La mesera llegó con nuestra comida.
No me enojé porque era lógico que él no lo entendería. Si creía que lo había hecho por algún acto romántico-heroico en el que la mente no tuvo ni voz ni voto, no lo desmentiría. Dejaría que creyera lo que quisiera porque al final del día no tenía la energía suficiente para exponer mis razones.
Lo cierto es que jamás había pensado tanto en mis acciones futuras como lo hice en el momento en que colgué la llamada a los servicios de emergencia. Si marqué fue porque tuve la esperanza de que llegaran a tiempo para salvar la vida de Sinclair y, con ella, la de Clarisse. Sabía que si él moría, Merybeth jamás se lo iba a perdonar.
Sin embargo, la realidad me golpeó de inmediato; ella había atentado contra otra persona y sería juzgada por ello. Independientemente de cómo concluyera todo, la situación no sería nada favorecedora.
Las cosas empeoraron cuando mi doble dejó este mundo con una expresión de paz. No solo perdió a su madre, sino pronto también perdería su libertad.
Admito que no pensé mucho en mis acciones presentes, sino en la forma en que saldría de ahí. Tomé el arma para que mis huellas dactilares también estuvieran en el revólver y me quedé con él para que, al momento en que la policía arribara, la atención estuviera enfocada en mí. No sabía cómo procedía un caso similar porque Escocia contaba con un sistema legal distinto al de Inglaterra, con el que me había familiarizado con la muerte de Monique, pero esperaba que, al declararme culpable, el arma no fuera objeto de estudio minucioso en el laboratorio forense porque no tenía ninguna excusa que justificara sus huellas.

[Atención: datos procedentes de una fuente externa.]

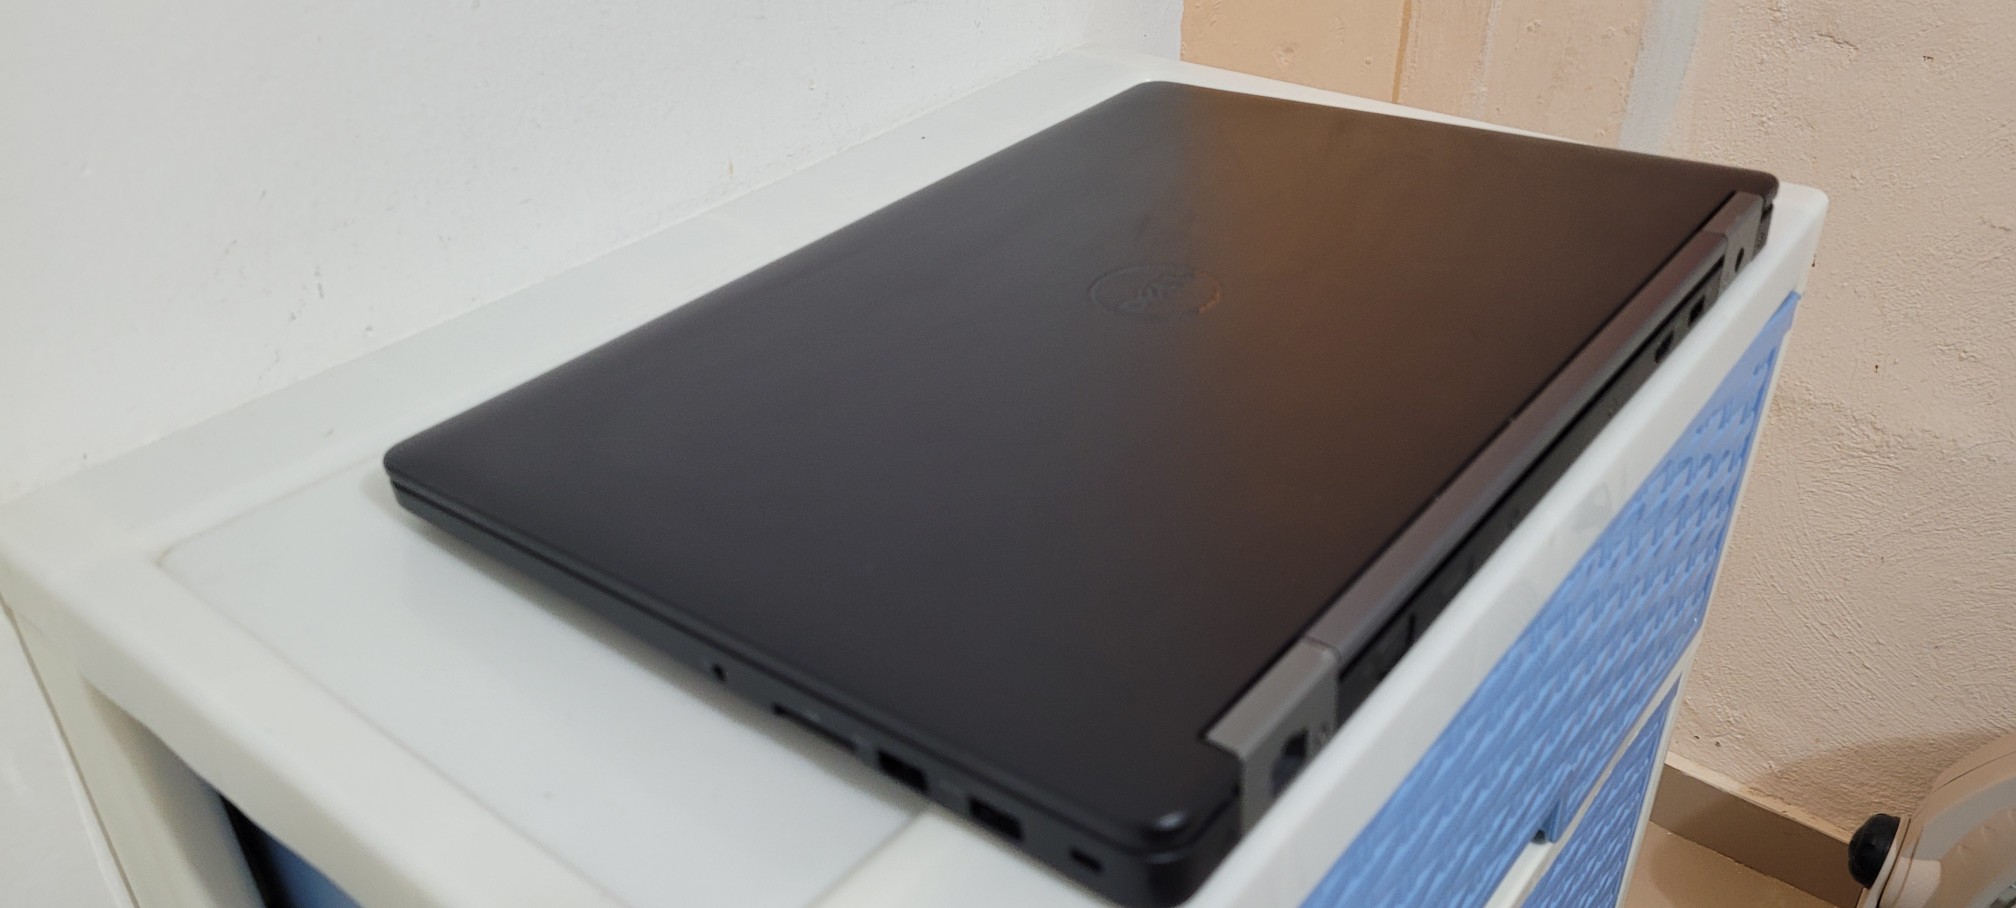 computadoras y laptops - Dell Slim 14 Pulg Core i7 6ta Gen Ram 8gb ddr4 Disco 256gb SSD Solido full 1080p 2

Lo peor no fue verme en esa situación, sino darme cuenta de que estaba dejando a Merybeth sola cuando, claramente, necesitaba que alguien estuviera ahí con ella. La desesperación me embargó al verla luchando contra el personal de paramédicos que intentaba tranquilizarla. Sus gritos lastimeros me oprimieron el pecho incluso mucho después de que el auto me alejó de Wolfhill.
Lo que transcurrió después apenas si lo recuerdo. Llamé a Wang porque era el mejor abogado que conocía; quizá lo hubiera hecho a Deroeux si se hubiera dedicado al derecho porque era ese tipo de sujetos que podían obtener el indulto de un asesino serial, pero como no era el caso, tuve que conformarme con la creencia de que el oriental haría todo lo posible por sacarme de ahí.
No fue fácil, por supuesto. Si bien aceptar la culpabilidad agilizaba el proceso legal, probar la legítima defensa era en extremo complejo. A mí favor tenía el registro de su ataque en Países Bajos, pero aun así, sería imposible demostrar que actué como consecuencia de una agresión ilegítima inmediata que justificara mis acciones, ya que el incidente de Ámsterdam solo servía como precedente de la delicada situación entre nosotros, mas no como prueba irrefutable de que en ese momento, en medio de la nada, tanto mi vida como la de Merybeth corrían peligro y no tenía otra opción que la de dispararle para salvaguardar nuestros derechos.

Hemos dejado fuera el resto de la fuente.